The joy of discovery

The joy of discoveryViswaprasad Raju
Highlights

A sketchpad, a pen and watercolours. And of course, loads of creativity. This is Viswaprasad Raju's way of recording his unique experience of places he visits and the people he encounters.

A sketchpad, a pen and watercolours. And of course, loads of creativity. This is Viswaprasad Raju's way of recording his unique experience of places he visits and the people he encounters.

Well, not just people but birds and animals too. Raju loves visiting wildlife sanctuaries. He introduces himself to readers as "a fan of Wimbledon, Galle, Fine Stationery, and national parks of central India".

And now all this has resulted in a book, the self-published 'Via Pen & Ink---A Collection of Travel Sketches by Viswaprasad Raju'. Hyderabad-based Raju is an advertising professional and a travel sketch artist.

He is the co-founder and director of 'Doo Creative' and has previously worked with leading advertising agencies such as RK Swamy, BBDO, Ogilvy & Mather, among others. His travel sketches have been widely published in magazines and newspapers.

Raju's debut book is about his two passions---travel and sketching, both of which combine and converge in a delightful record of places and people, a travel chronicle made with illustrations. In fact, sketches and portraits were the major means through which records of places and people were made, before photography took over.

In these days when travel has become a great deal about boast posts on social media and FOMO; of notching up bigger and bigger numbers of countries visited; of rushing through packed guided tours; and countless, breathless clicks with a camera; it is indeed refreshing to see someone like Raju who delights in slow travel and pauses to observe and savour a place and sit down to sketch his interpretations.

The book covers 10 countries---India, Malaysia, Sri Lanka, UAE, Singapore, Thailand, Switzerland, South Africa, UK and Mauritius. The book is aesthetically designed and easy on the eye with mercifully, no clutter at all.

How did he develop his two interests---travel and sketching? Regarding travel, he says: "The fascination for travel was piqued by a cabinet of books that I got from my relatives who moved to Australia, one of the books - Martin Rattler by RM Ballantyne-made a huge impact, transporting me to the jungles of Brazil.

My love for travel literature started very young. Before the Internet era, information was hard to come by. In school, we had this close group who used to write to embassies stating that we would like to visit their respective countries and ask them to share brochures. To our surprise, we used to get brochures and collected them. I still have a few from Austria, Norway and Russia."
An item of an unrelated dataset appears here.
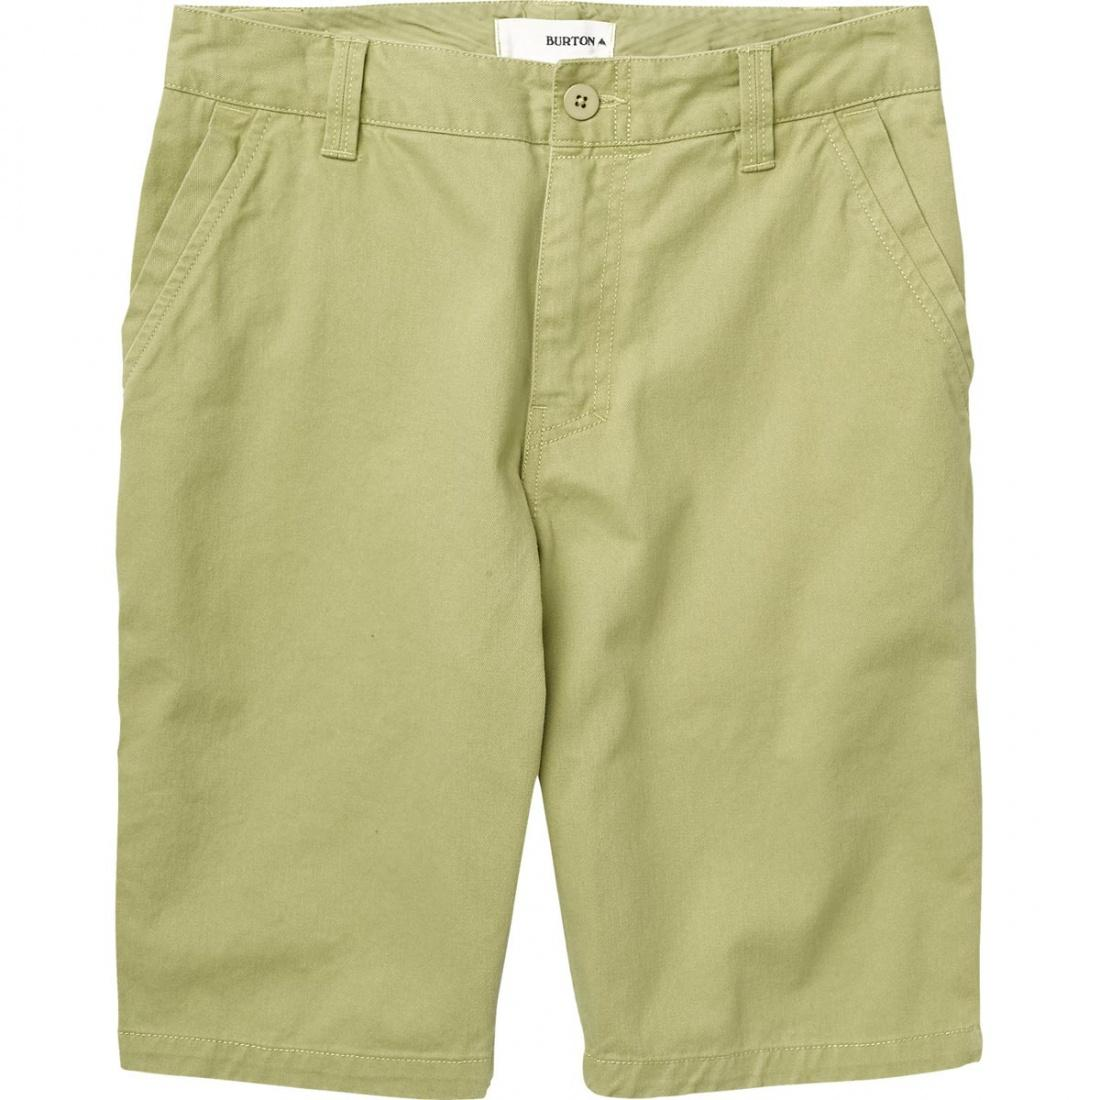 мужские шорты burton, бежевые

He believes that today's information overload, especially as fuelled by TV, the Internet, social media and travel writers/bloggers has "taken away the joy of discovery. My father, who was in the army, was posted in Jhansi and used to hear stories of tigers and charming rail journeys, which stayed with me. In fact, the National Parks of central India are my favourite getaways, which I frequent with my friend, Ravi Naidu, well-known wildlife photographer."
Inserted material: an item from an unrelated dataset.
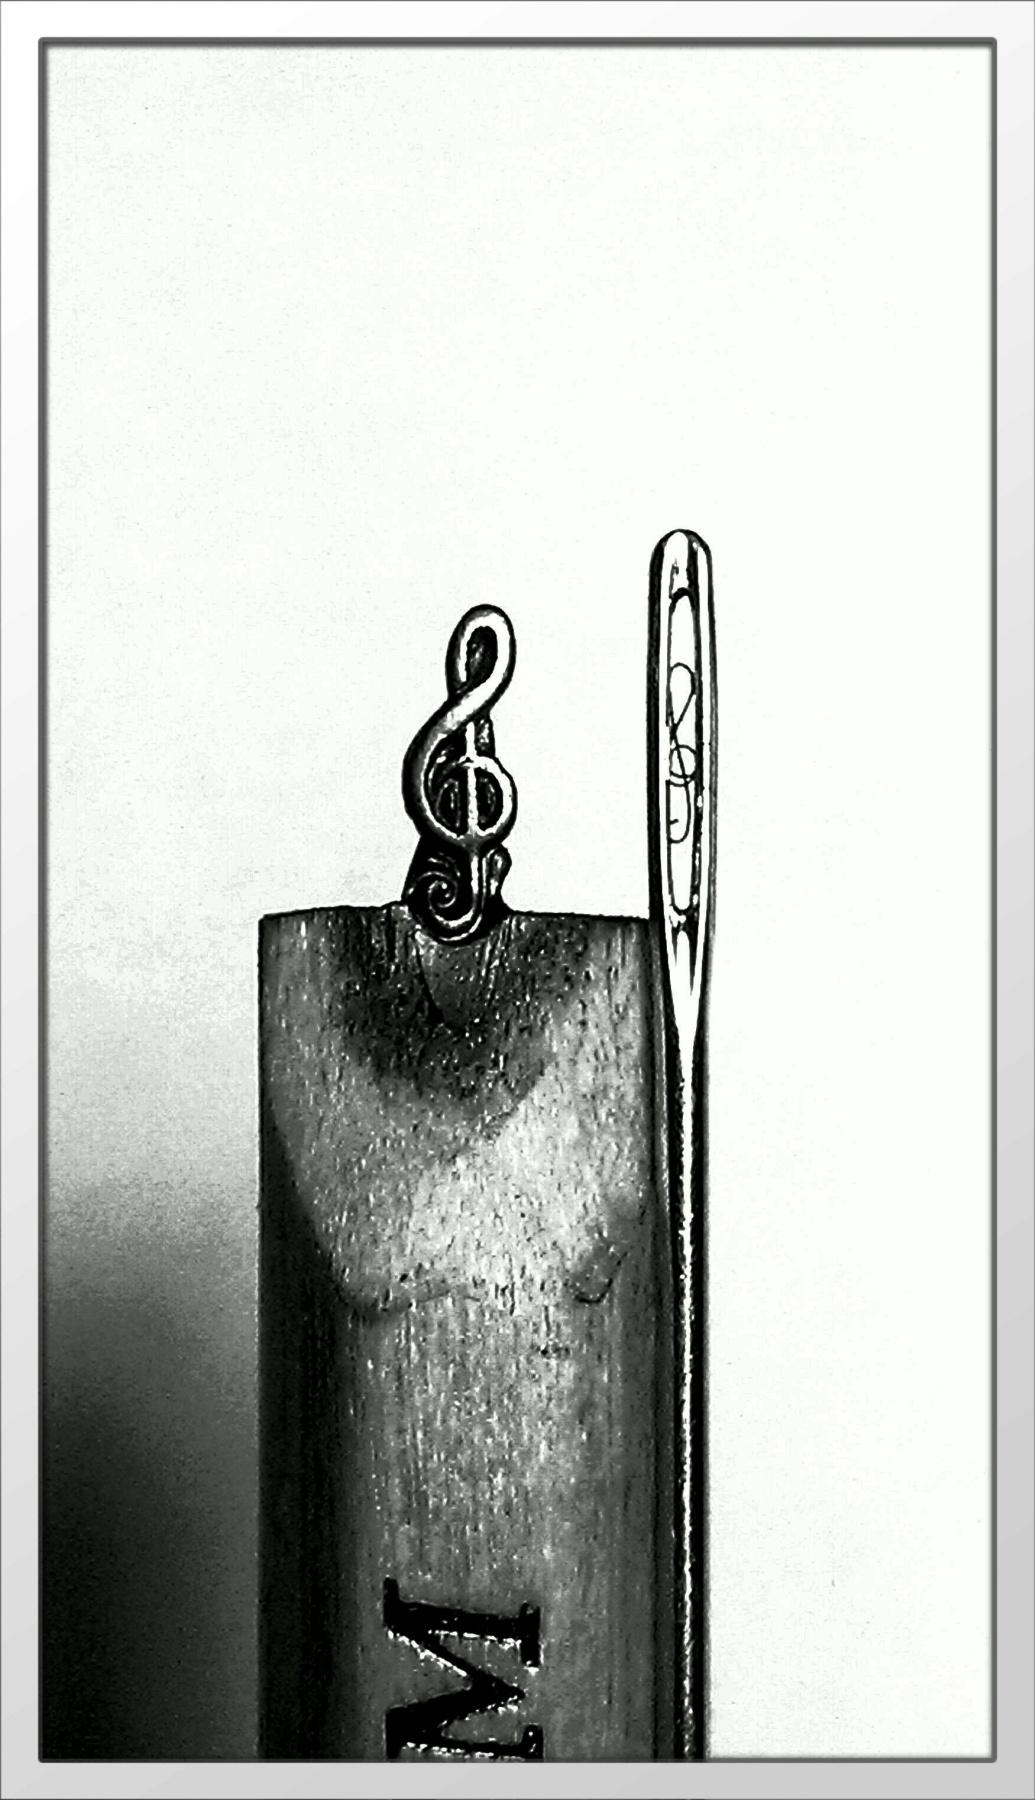 Krbtv _dm. Treble clefs.

Raju says he didn't travel much as a youngster, barring the odd trip to his hometown but his profession, advertising, changed everything giving him many opportunities to explore locations for work. He adds: "I got to visit plenty of destinations, from Hampi to Pondicherry, Cape Town to London, Switzerland to Thailand, and many places in between. And most of my travels, outside of family, have been with TV Prasad, MD and Creative Head of Doo Creative."

As for sketching, he is entirely a self-taught artiste and driven by his love of the art. "I used to admire the works of Mario Miranda and Satyajit Ray as an illustrator. My notebooks at school were a work of lazy doodles and frantic scribbles, which continued all along. Only on a weekend trip to Tadoba, a tiger reserve in Maharashtra, in 2007, it all came together, my journey into proper travel sketching.

I started posting the sketches on the Internet and found a community of urban sketchers and like-minded people. All along, I used to write travel features too, but somewhere I thought, travel stories with sketches would make them interesting. Before the era of photography, sketches was how travel was documented and their journals were full of sketch notes.

I recently read a book called 'Slow Travel To Switzerland' which traces the journey taken by a Victorian lady, led by the first ever conducted tour by Thomas Cook, a good 150 years ago, who documented her travels through sketches. Interestingly, today, I see a surge in travel sketching, as people want a digital detox and find calm in capturing things through pen and ink."

His book Via Pen & Ink, as he points out, does not contain a single photograph, it is entirely about illustrations. Even his profile picture is an illustration, and deliberately so, he explains. "The idea is that this sets the tone, and words are far and few in between.

There's no plot, no twist in the end, no characters, just a record of things. It allows the reader to travel along with me and absorb the places in an unhurried manner. Though the Web is omnipresent and dynamic, the book is for real and for keeps. In advertising too, the classic print vs Web media is the most-discussed subject."

Now that he is done with this book, Raju has other dreams. He wants to work on a film screenplay and hold an exhibition of his sketches. He has made a promise to himself. "In all, I will never let the ink dry and never keep the sketchbooks empty." And oh, of course, he wants to travel more and more---sketchpad firmly tucked into his suitcase.